All lines from the one containing "Gildan メンズTシャツ コアパフォーマンス" through the last line of the listing should be given again exactly, with no pictures.

GIVEN DATA START

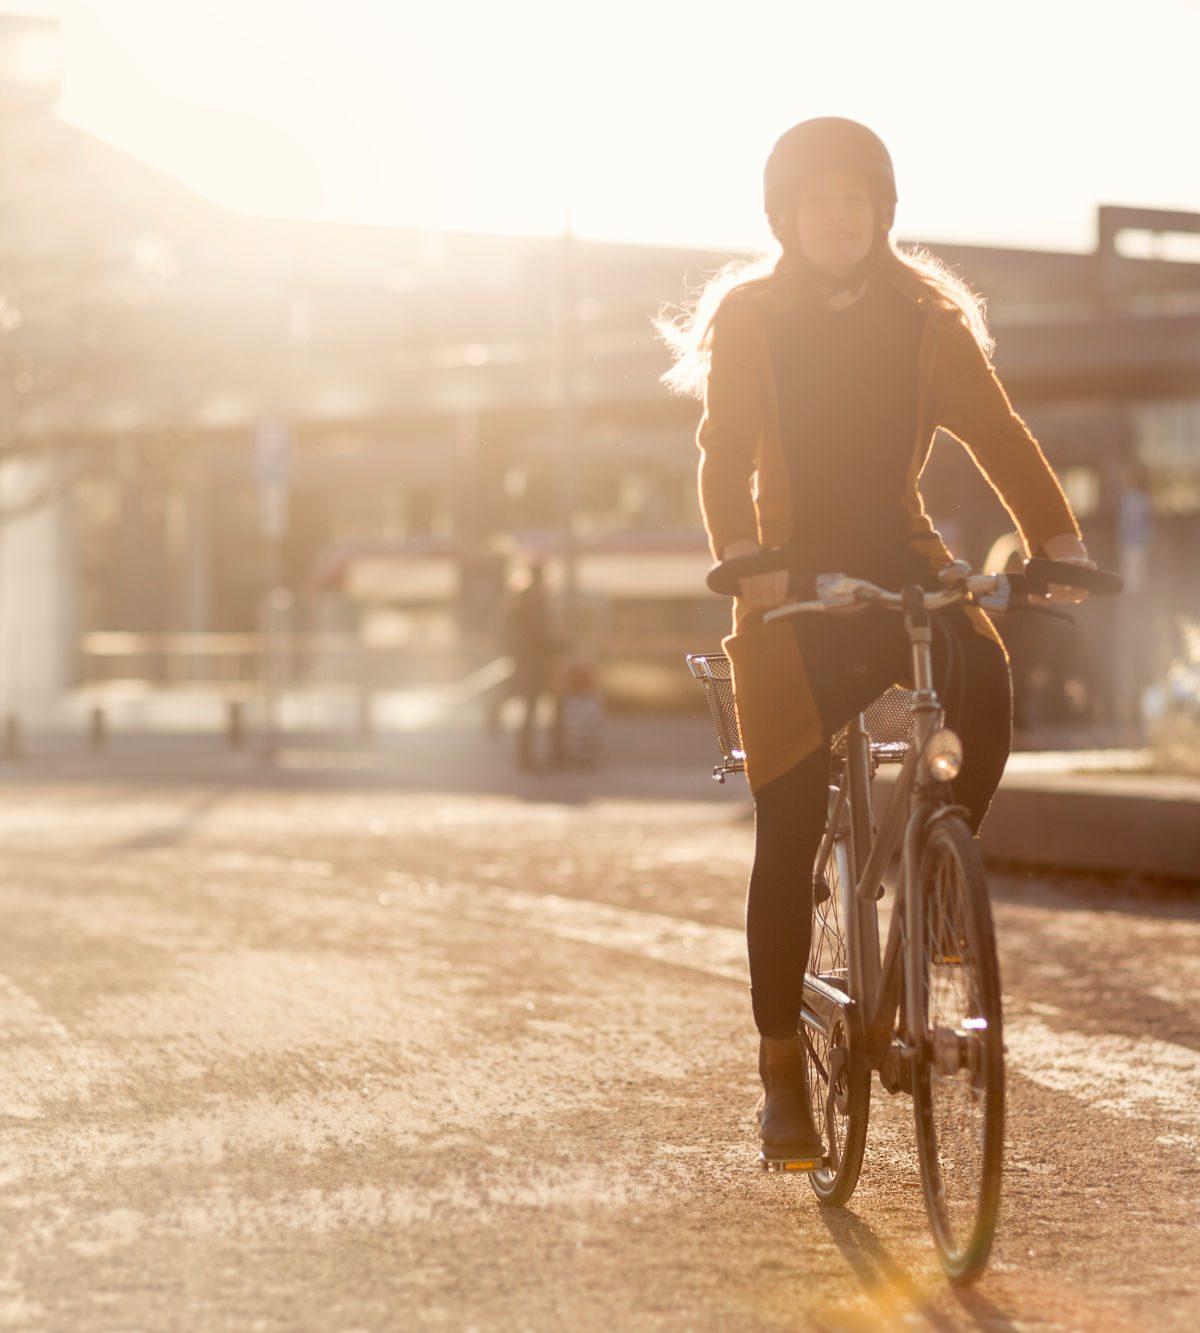 klimatsmart att cykla, bild från Uppsala resecentrum
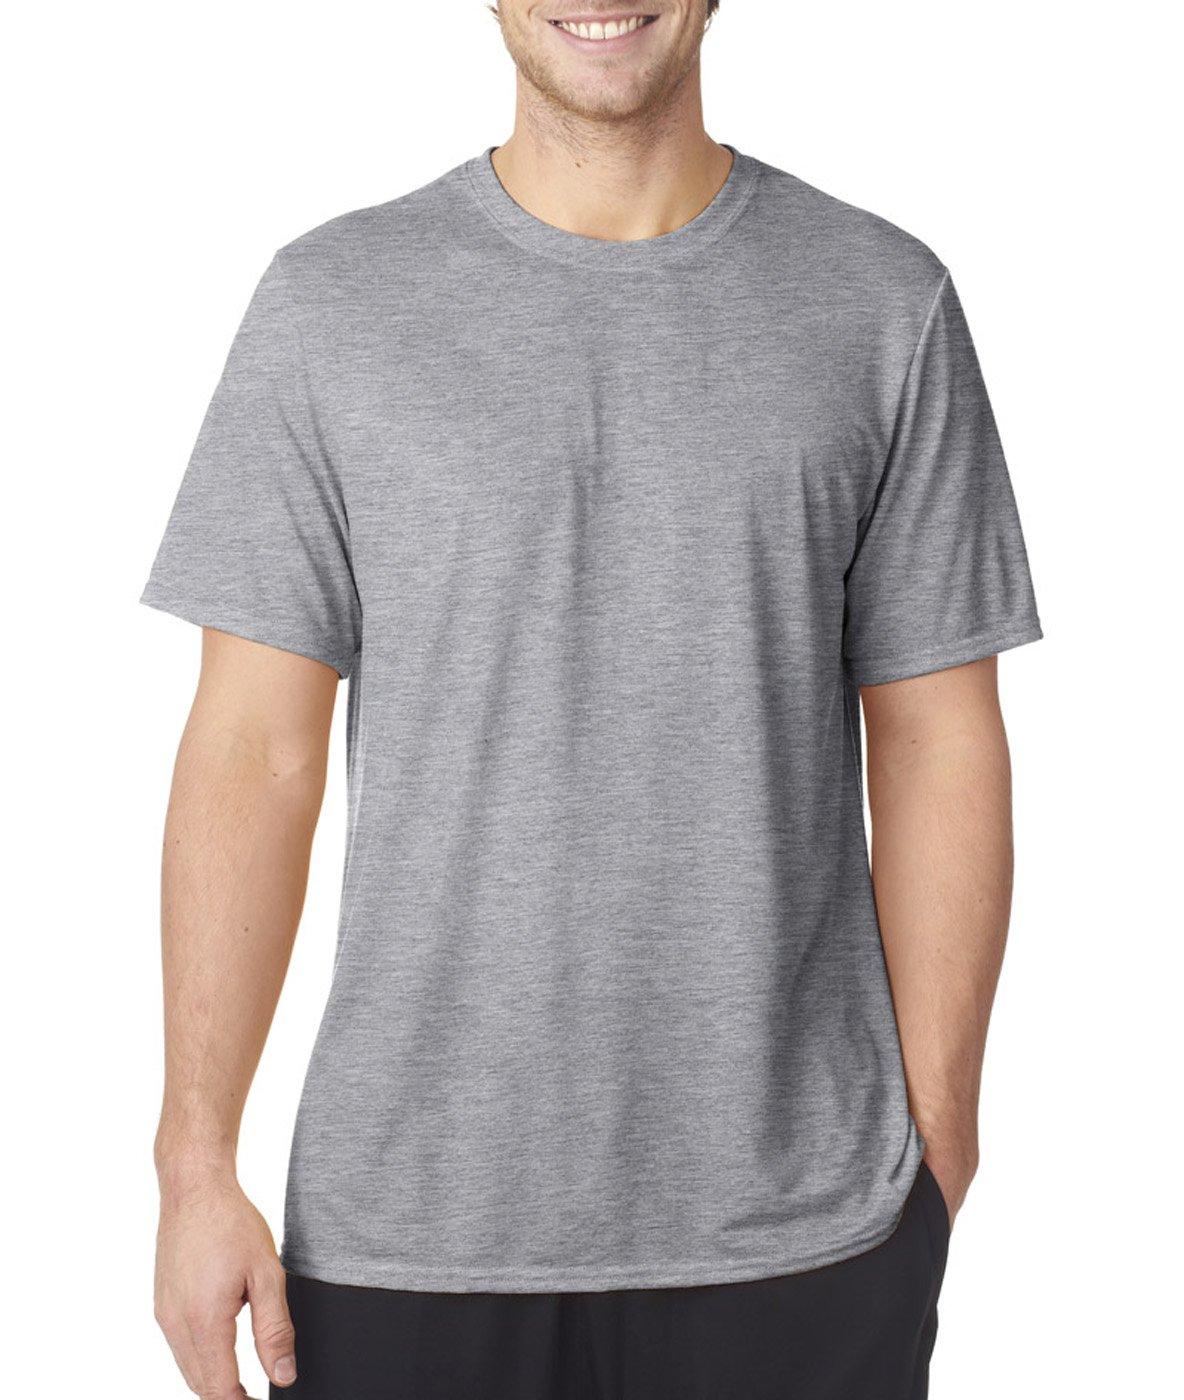 Gildan メンズTシャツ コアパフォーマンス B00QTT7HYS L スポーツグレー スポーツグレー L
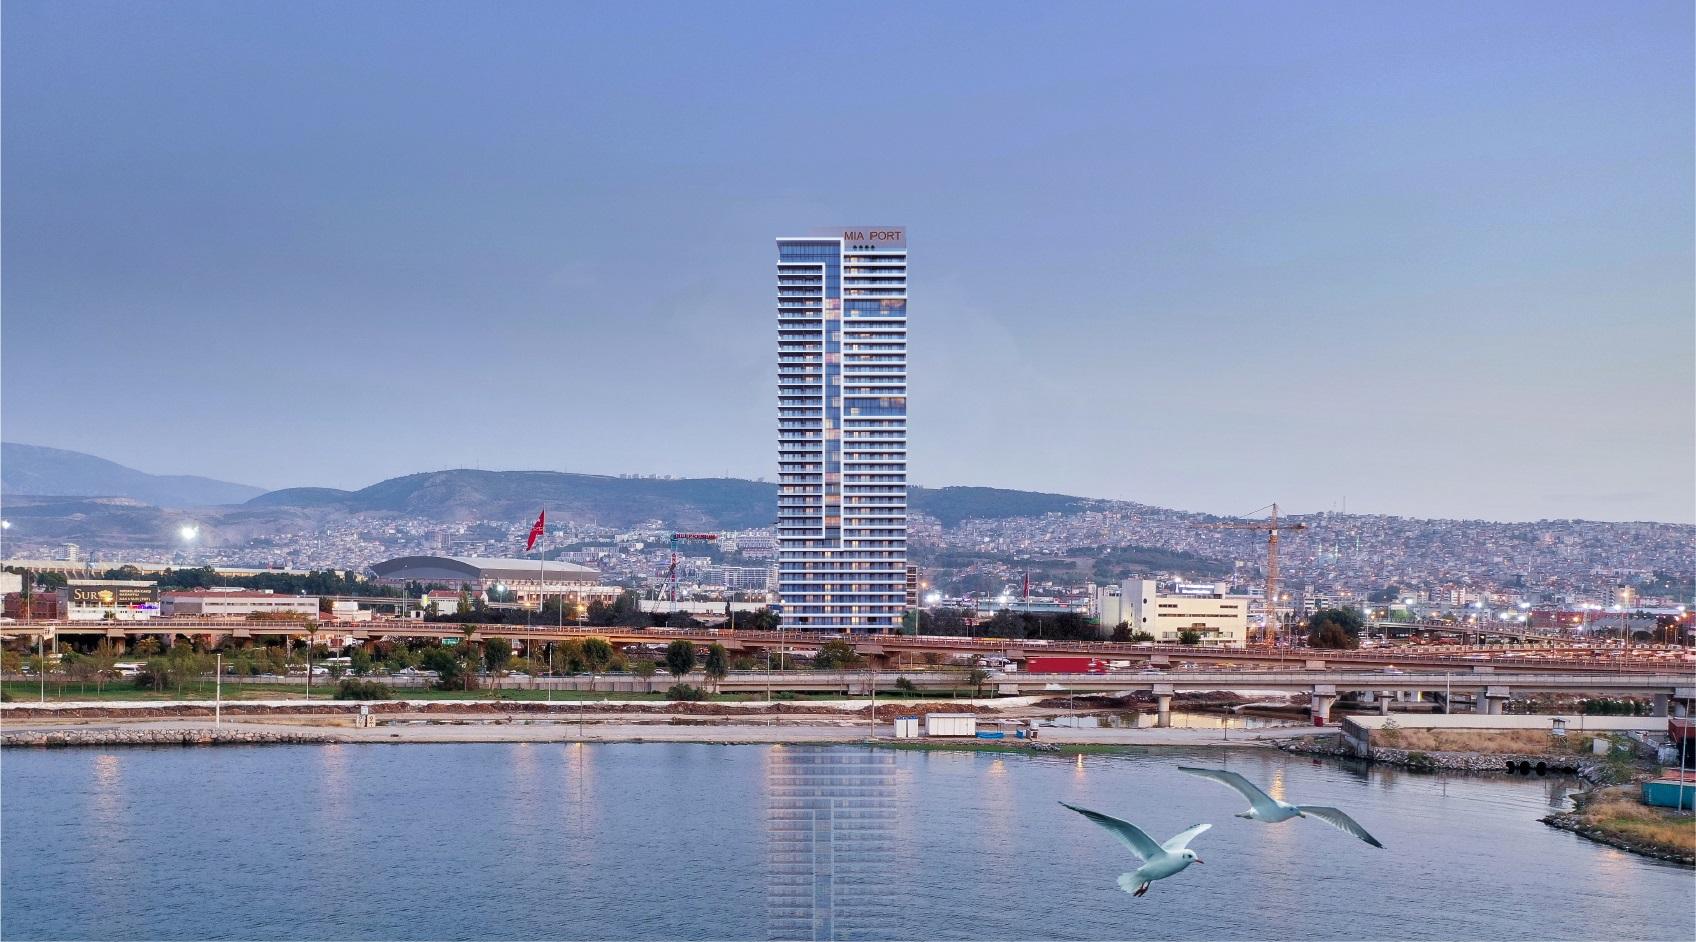 Mia Port İzmir

GIVEN DATA END

**EXERCISE RESPONSE**
 Gildan メンズTシャツ コアパフォーマンス B00QTT7HYS L スポーツグレー スポーツグレー L
 Mia Port İzmir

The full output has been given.